Death-penalty cases in the military require at least 12 jury members, more than in other cases. And unlike other trials, their verdict must be unanimous in finding guilt or assessing a sentence.

Potential jurors will arrive to a military courthouse that has been transformed into a fortress. The building on the edge of the Texas army post is surrounded by hundreds of stacked freight car-size shipping containers, and by tall dirt- and sand-filled barriers designed to protect it against the impact of a bomb blast. Armed soldiers stand guard around the building.

Although Fort Hood's security plans are sealed by the military judge's orders, the increased measures are evident. In the courthouse, everyone passes through a metal detector which was not there before Hasan's case. In addition to news reporters and those involved in the case, only victims' relatives are allowed in the small courtroom. No other spectators are allowed.
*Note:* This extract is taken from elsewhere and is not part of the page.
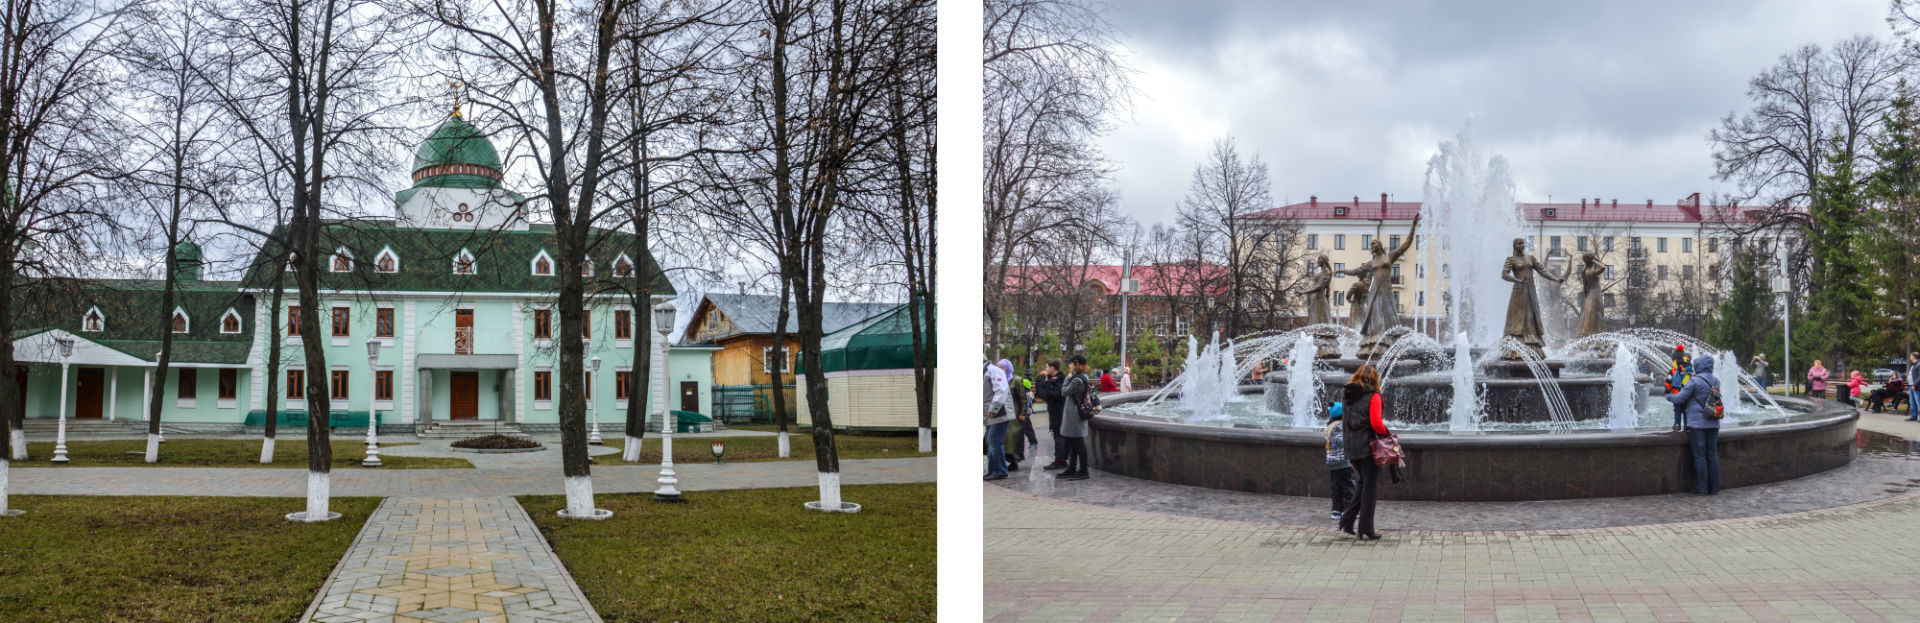 À gauche, l'un des bâtiments du complexe religieux, à droite, la fontaine des 7 jeunes filles.

The tight security measures at Fort Hood appear to be the most extreme for any court-martial on a US army post. Just 2 years after a bomb attack was thwarted in the neighboring city of Killeen, some military law experts say, the community once again could be targeted by supporters of Hasan, an American-born Muslim who has tried to justify the deadly rampage as protecting Taliban leaders in Afghanistan.

"He's admitted he's on the side of terrorists ... so this area is now a high threat level for jihadists," said Jeff Addicott of St Mary's University School of Law in San Antonio. He is not involved in Hasan's case.
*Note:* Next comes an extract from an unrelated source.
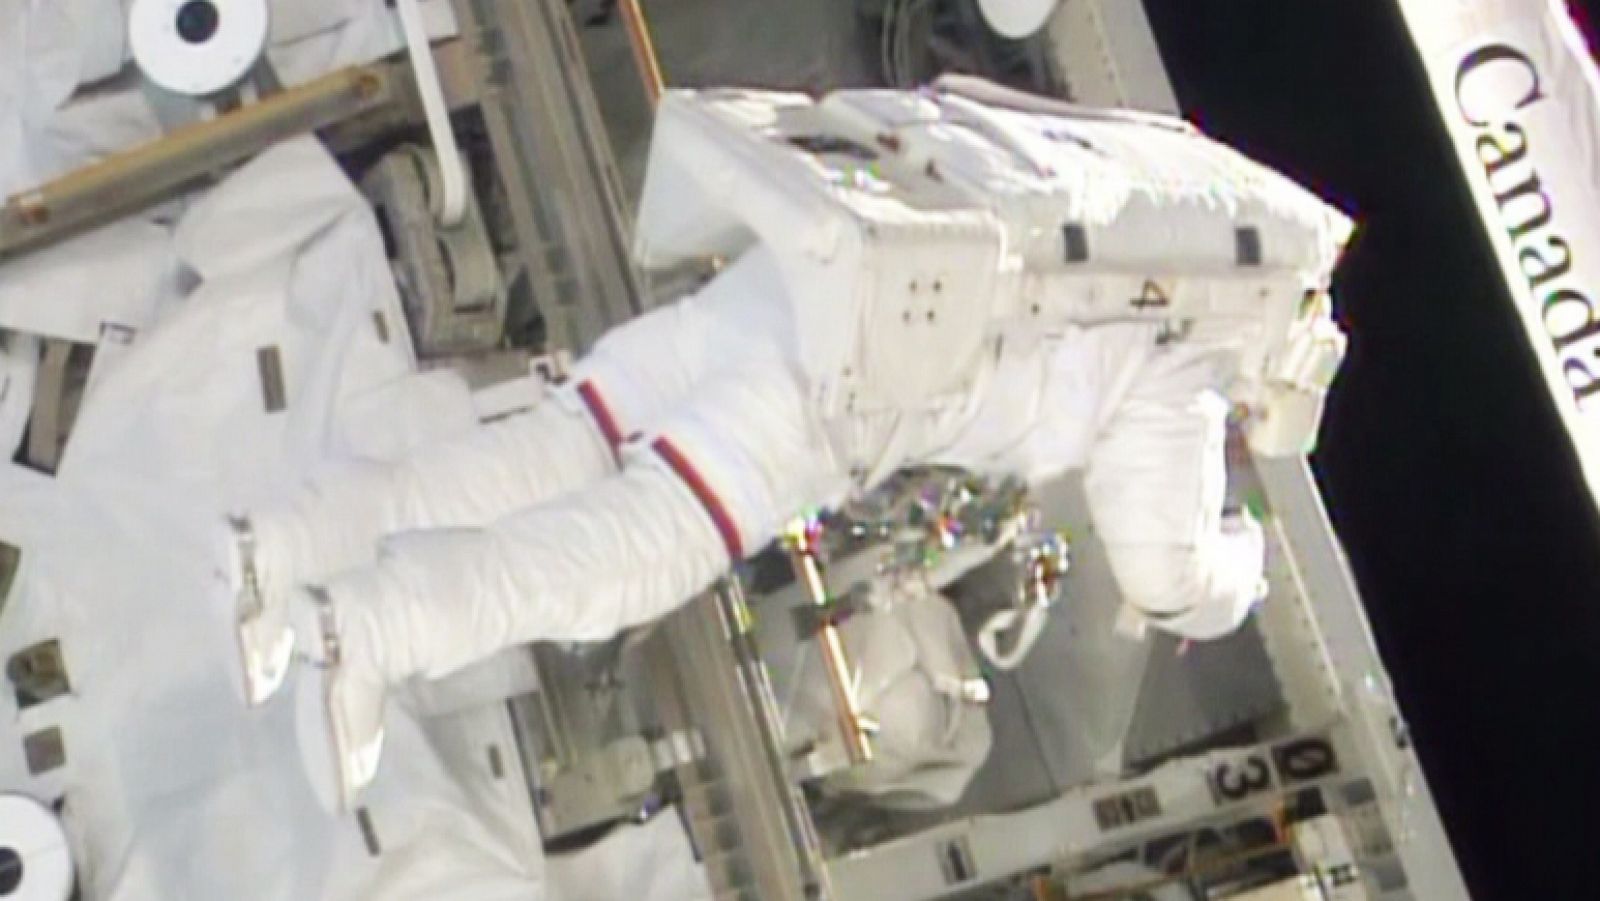 Uno de los astronautas trabajando en la sustitución del ordenador estropeado.

In Killeen, law enforcement officials won't discuss security specifics. But businesses are receiving posters that read: "If you see something, say something." They feature the picture of a gun store employee who helped avert a deadly attack in 2011 when he alerted authorities of a suspicious customer who turned out to be an awol soldier from Fort Campbell in Kentucky.

Private first class Naser Jason Abdo was arrested at a Killeen motel where authorities found pressure cookers and other bomb-making components, a loaded gun, 143 rounds of ammunition, a stun gun and al-Qaida magazine article on how to make an explosive device. Abdo, who became a Muslim at 17, said he planned to blow up a restaurant full of Fort Hood troops his religious mission to get "justice" for the people of Iraq and Afghanistan. Abdo was sentenced last year to life in federal prison.

As Hasan's trial approaches, some in Killeen are concerned. Guns Galore store manager Cathy Cheadle, whose sales representative Greg Ebert appears in the poster by the question: "He said something; would you?", said she hopes the community remains on high alert.

"If one tried it and didn't succeed, I think everybody wants to be in the news and ... somebody else would think, 'I want to succeed,'" in an attack, Cheadle said. "I think people should be that alert anyway. As a test, how many people would walk by a backpack and not say anything?"